B. Michael knows what most Israelis were
trained to forget: that despite the Israeli withdrawal, Gaza is
still occupied. Even before the Hamas takeover, Israel retained all
the measures to ensure its effective control of the Strip: from
direct control of all the border crossings to Gaza, both for goods
and for persons, to Israeli control of Gaza's population registry.
The only apparent exception – the Rafah checkpoint – is restricted
to entry into Gaza of Gaza inhabitants only, as defined by the
Israeli registry, and even this is under Israeli supervision. But
for most Israelis, Gaza is an independent, sovereign empire, which
was occupied by Israel ages ago, and now, for no reason at all,
poses an existential threat to its benevolent Jewish neighbor.
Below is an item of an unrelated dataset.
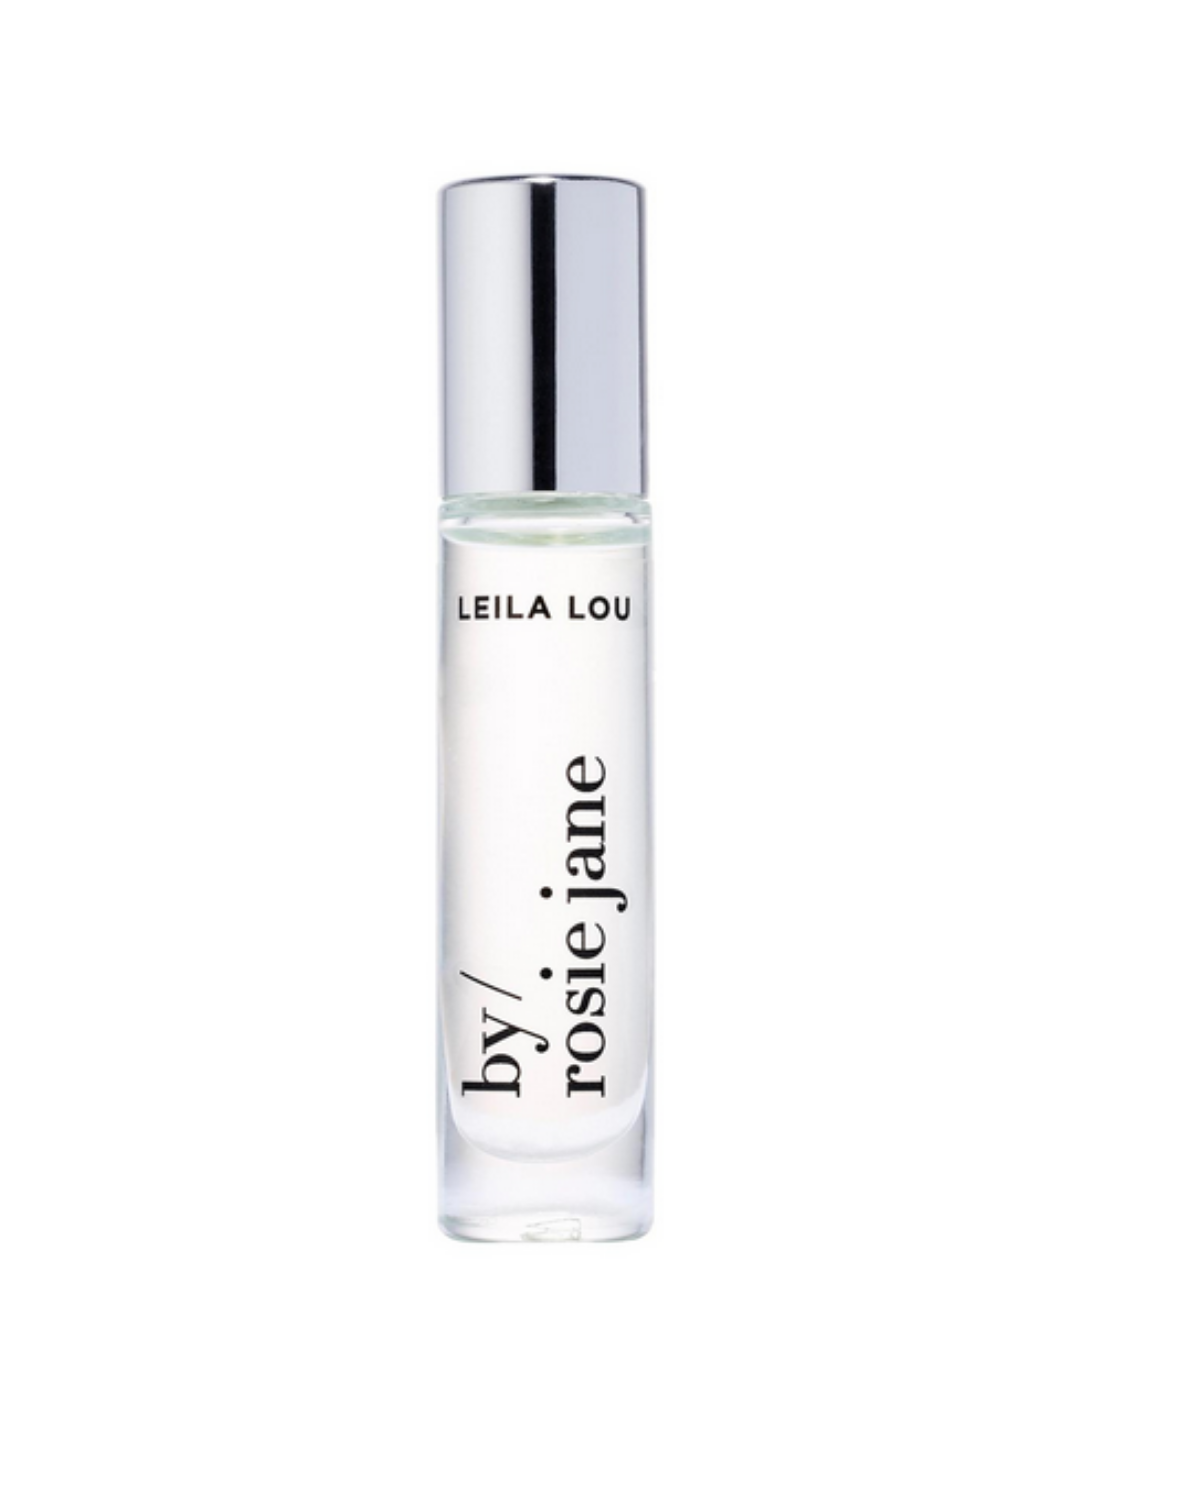 Leila Lou Perfume Oil by Rosie Jane

In the evening television news, careful
listening – especially to serious reporters like Shlomi Eldar –
could reveal the tip of the war-crimes iceberg yet to emerge: a
Gazan prison was intentionally bombarded, a clear war crime. Gaza's
hospital suffered damages too. All this in an overcrowded Strip in
which life has already been strangled by an embargo on anything from
cement and gasoline to medical equipment. A couple of months ago,
journalist Amos Harel quoted an article of a leading military figure
regarding Israel's next war policy, be it in Lebanon, Syria, or
Gaza: "Using power without any proportion to the enemy's threat and
actions, in order to damage and punish to an extent that would
require long and expensive rehabilitation processes." Another
Israeli general explained that villages from which shots are fired
will be devastated; "we consider them as military bases" (Ha'aretz,
Oct. 5; the names of the two generals – for The Hague's ICC – are
Gaby Siboni and Gadi Eisenkot). Once the war started, Maj.-Gen.
(Reserve) Giora Island – former head of the National Security
Council – spelled it all out on television, without a shade of
shame: Israel should not confine its attacks to military facilities,
he said, but must hit civilian targets as well. The damage to the
civil population should be maximized, because the worse the
humanitarian crisis is, the better and the sooner the operation
would end. It's the same major-general, by the way, who just a year
ago caused outrage by urging the Israeli government to negotiate
directly with Hamas. Do not to look for consistency, integrity, or
intelligence where war criminals are involved.